**Source material:**
----------

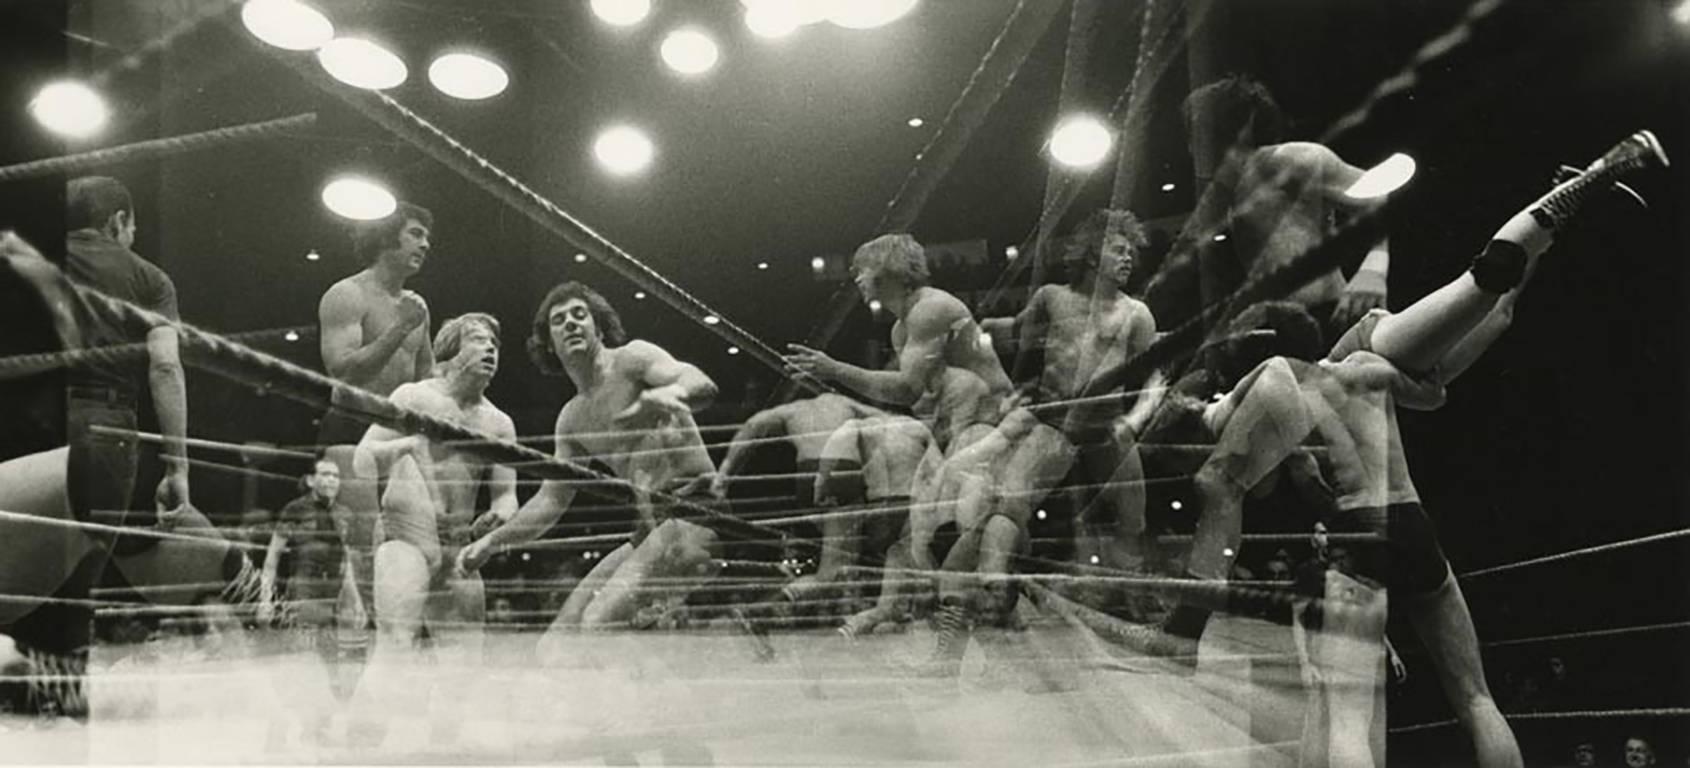 Wrassle Mania, 1975, Multi-Exposure Black and White Photograph, Framed, Signed
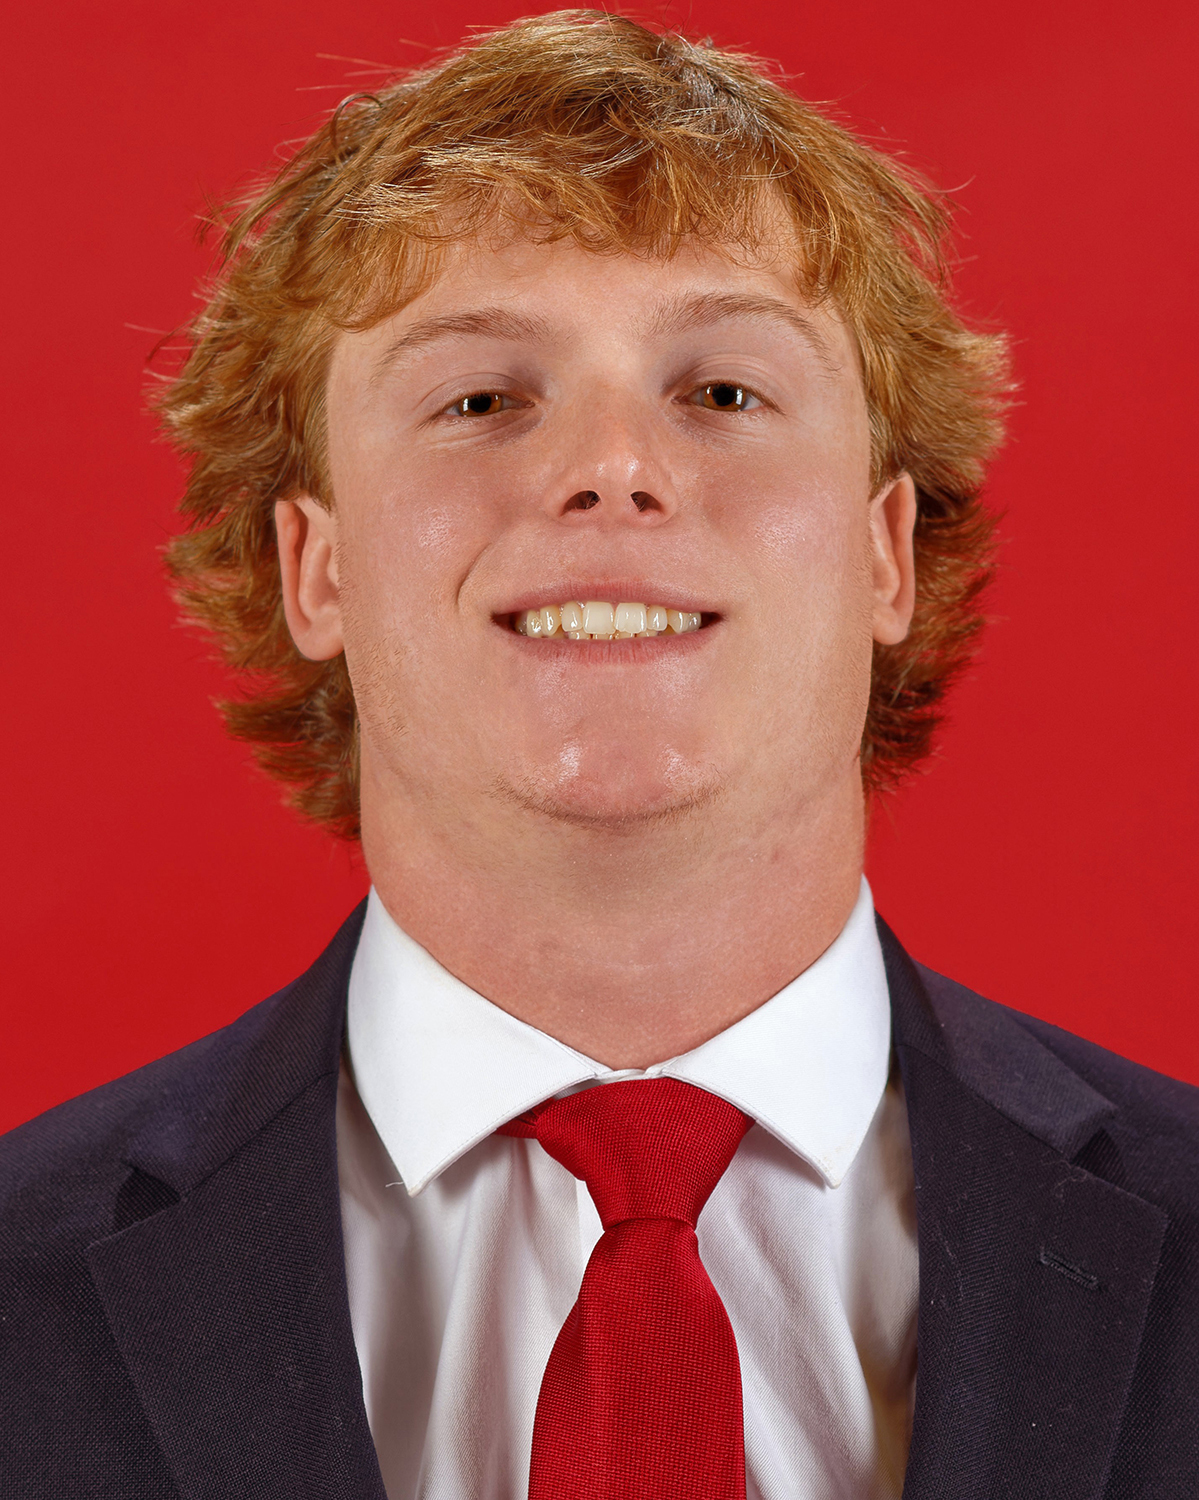 Westhampton Beach graduate Aidan Cassara was a member of the University of Tampa men's lacrosse team that captured the school's first NCAA Division II National Championship last month. TODD MONTGOMERY
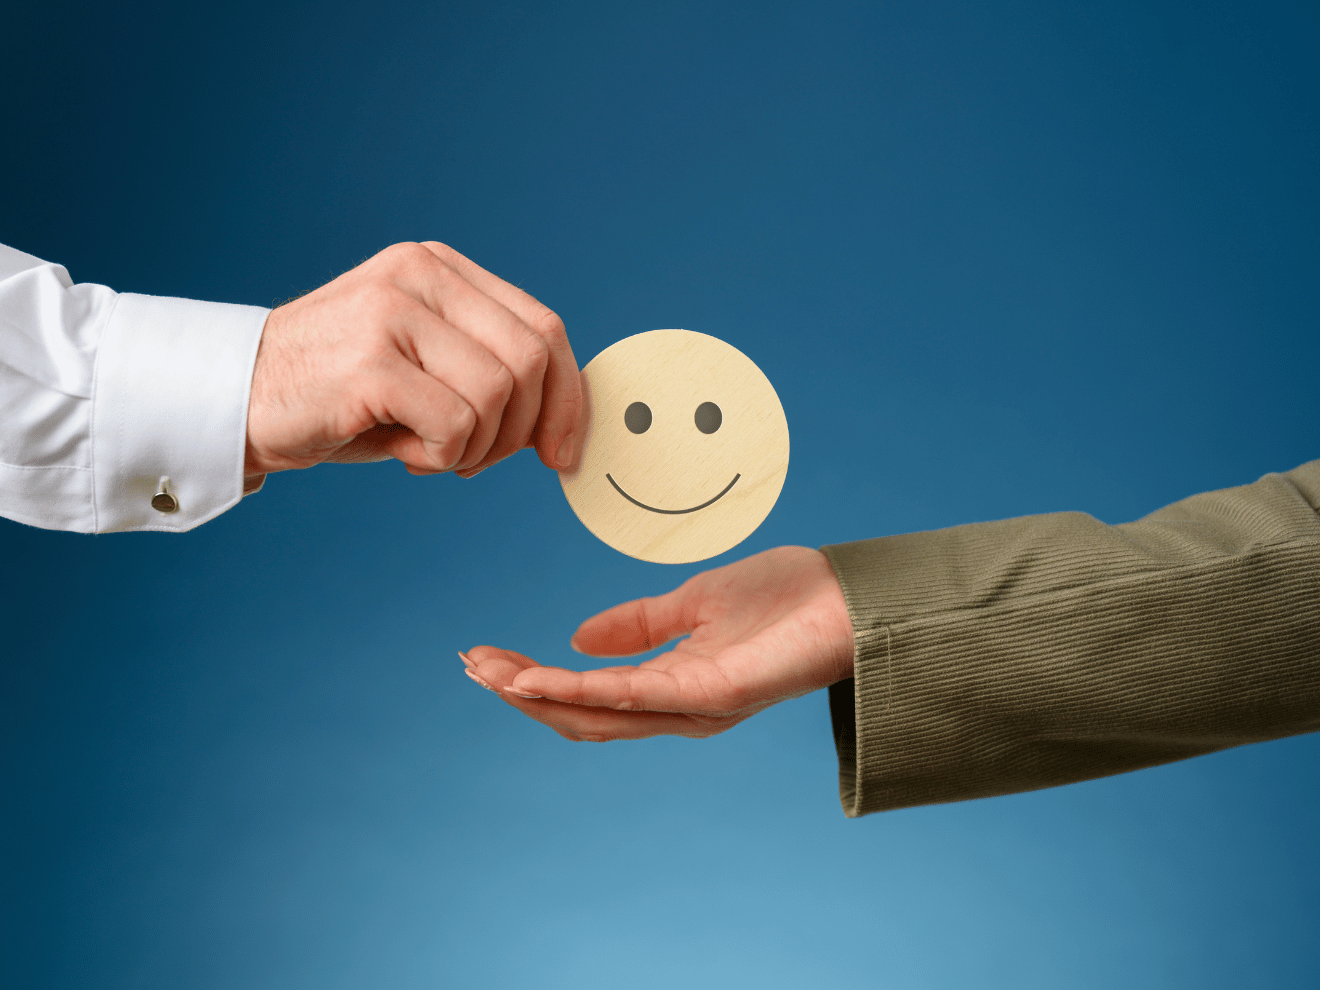 How to use positive language to address customer concerns

----------

**Work required:** Starting at the line that holds "Westhampton Beach graduate", copy each line exactly through the end of the material above, keeping both ends and dropping the pictures.

**Reply:**
 Westhampton Beach graduate Aidan Cassara was a member of the University of Tampa men's lacrosse team that captured the school's first NCAA Division II National Championship last month. TODD MONTGOMERY
 How to use positive language to address customer concerns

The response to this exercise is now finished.